Researchers from the United States have discovered for the first time that cancer cells can escape anti -cancer medications by entering fibrous cells in the bone marrow and staying within them, a phenomenon that they described as a “cell inside a cell”.
Fibious cells are a type of cell that contributes to the formation of connective tissue, and it is a cellular cell that supports and connects tissues or other organs in the body.
The study was conducted by researchers from the Fox Chis Cancer Center in the United States, and its results were published in the Blood Neoplasia Journal on July 25, and the Yurrick Alert website was written about.
The results of this study may make a qualitative shift in the treatment of chronic lymphocytic leukemia and associated diseases.
Chronic lymphatic leukemia is one of the most common types of leukemia in adults, a type of cancer that begins in the early stages of some white blood cells in the bone marrow, and then transmitted to the blood.
The study lasted for 5 years, and Dr. Way was led by. Lin Wang, a doctorate in medicine, and the American College of Oncology, is a professor and scientist in the Department of Pathology and the Cell Signs Research Program and the Microscopic Environment in Fox Chase in the United States.
“Our discovery is that cancer cells are able to penetrate the bone marrow cells, which support cancer cells in their exact environment, a phenomenon that no one has talked about before.”
“This discovery helps to explain the reason for the continued suffering of chronic lymphatic leukemia from the disease, and we hope that our discovery will lead to treatments that eliminate the remaining disease better.”
Safe shelters
BTK, a category of anti -cancer medications, is the current standard treatment for chronic lymphocytes.
More than 90% of patients who treat these drugs show an initial response – they feel better and shrinking their tumors – but only 8% to 11% achieve a complete recovery.
This means that a large number of patients still have cancerous cells that make them vulnerable to relapse.
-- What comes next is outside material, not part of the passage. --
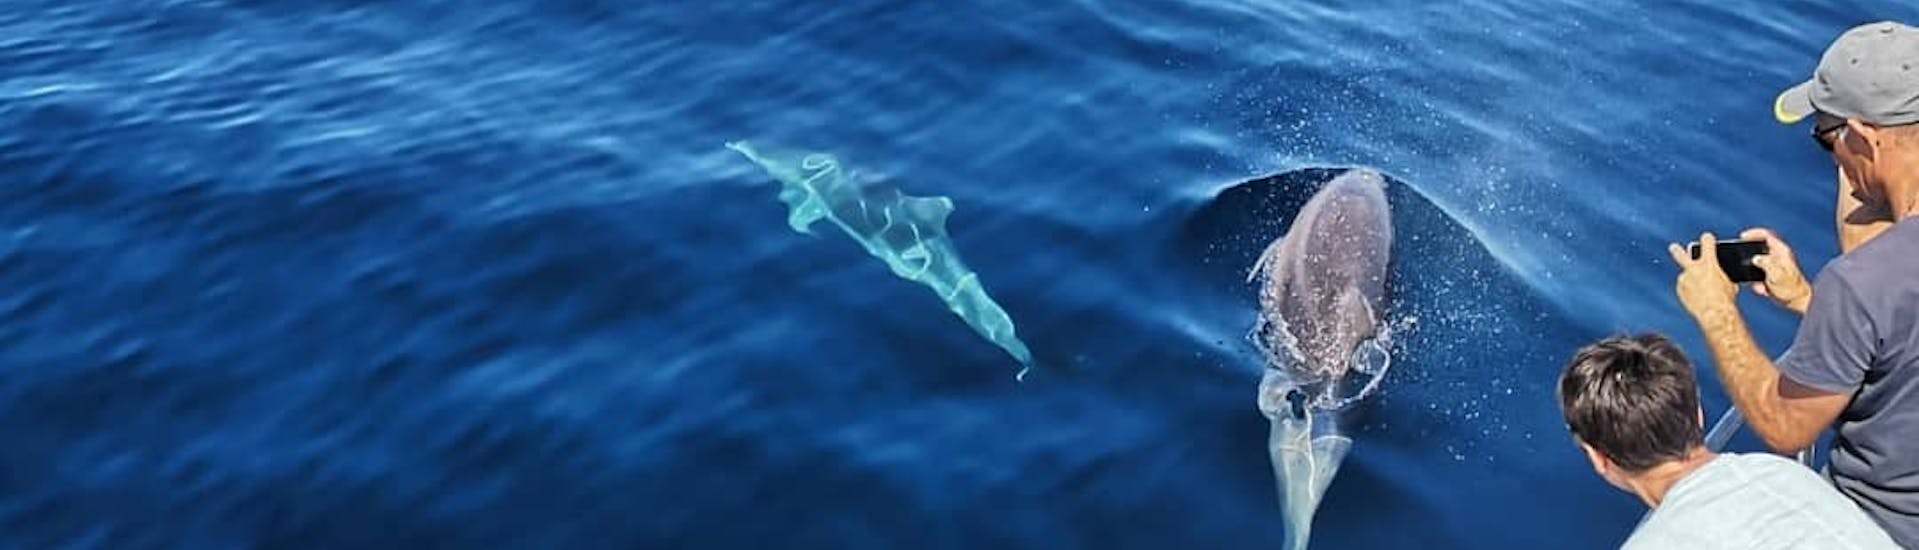 I delfini del Giro in barca da Murter con avvistamento delfini e sosta per nuotare con Dolphin Watching Murter.

Way and her team wanted to understand how the disease continued despite the good initial response to medicines.
The researchers analyzed the samples of the bone marrow from patients, and they saw live leukemia cells entering fibrous cells in the bone marrow in response to exposure to “BTK” inhibitors.
By registering the continuous independent movement of these cells, they were able to confirm the survival of the living cells alive within the fibroblasts, then the Way team proved that the cancer cells hidden inside the fibroblasts have higher rates of survival compared to the cells that remain outside after exposure to the drug.
“It seems as if the tumor cells are retreating from the street to a house where they are safer than bullies on the street, that is, medications,” said Way
Her team found that the way in which chronic lymphatic leukemia cells do this is by increasing the expression of CXCR4 (CXCR4) in response to exposure to BTK inhibitors.
It expresses the future of “CXCR4” future on the surface of the tumor cells, and the expression of the tumor cells makes a chemical gradient that attracts the tumor cells to fibrous cells that secrete bonds for the future, allowing cancer cells to enter fibrous cells.
Once Way and her team with the mechanism in which the tumor cells entered her “safe shelters”, they were able to clarify how doctors can adjust the treatment to prevent this.
“If we can withhold CXCR4, it will be like closing the door of the house as the tumor cells want to withdraw and hide, this can increase the full response rates through compound therapy using both BTK and CXR4 blockers.”
This discovery may also be applications that go beyond chronic lymphatic leukemia. Researchers have found a similar hiding behavior – a “cell inside a cell” – in gerban lymphoma, and they believe that this mechanism can apply to many types of cancer.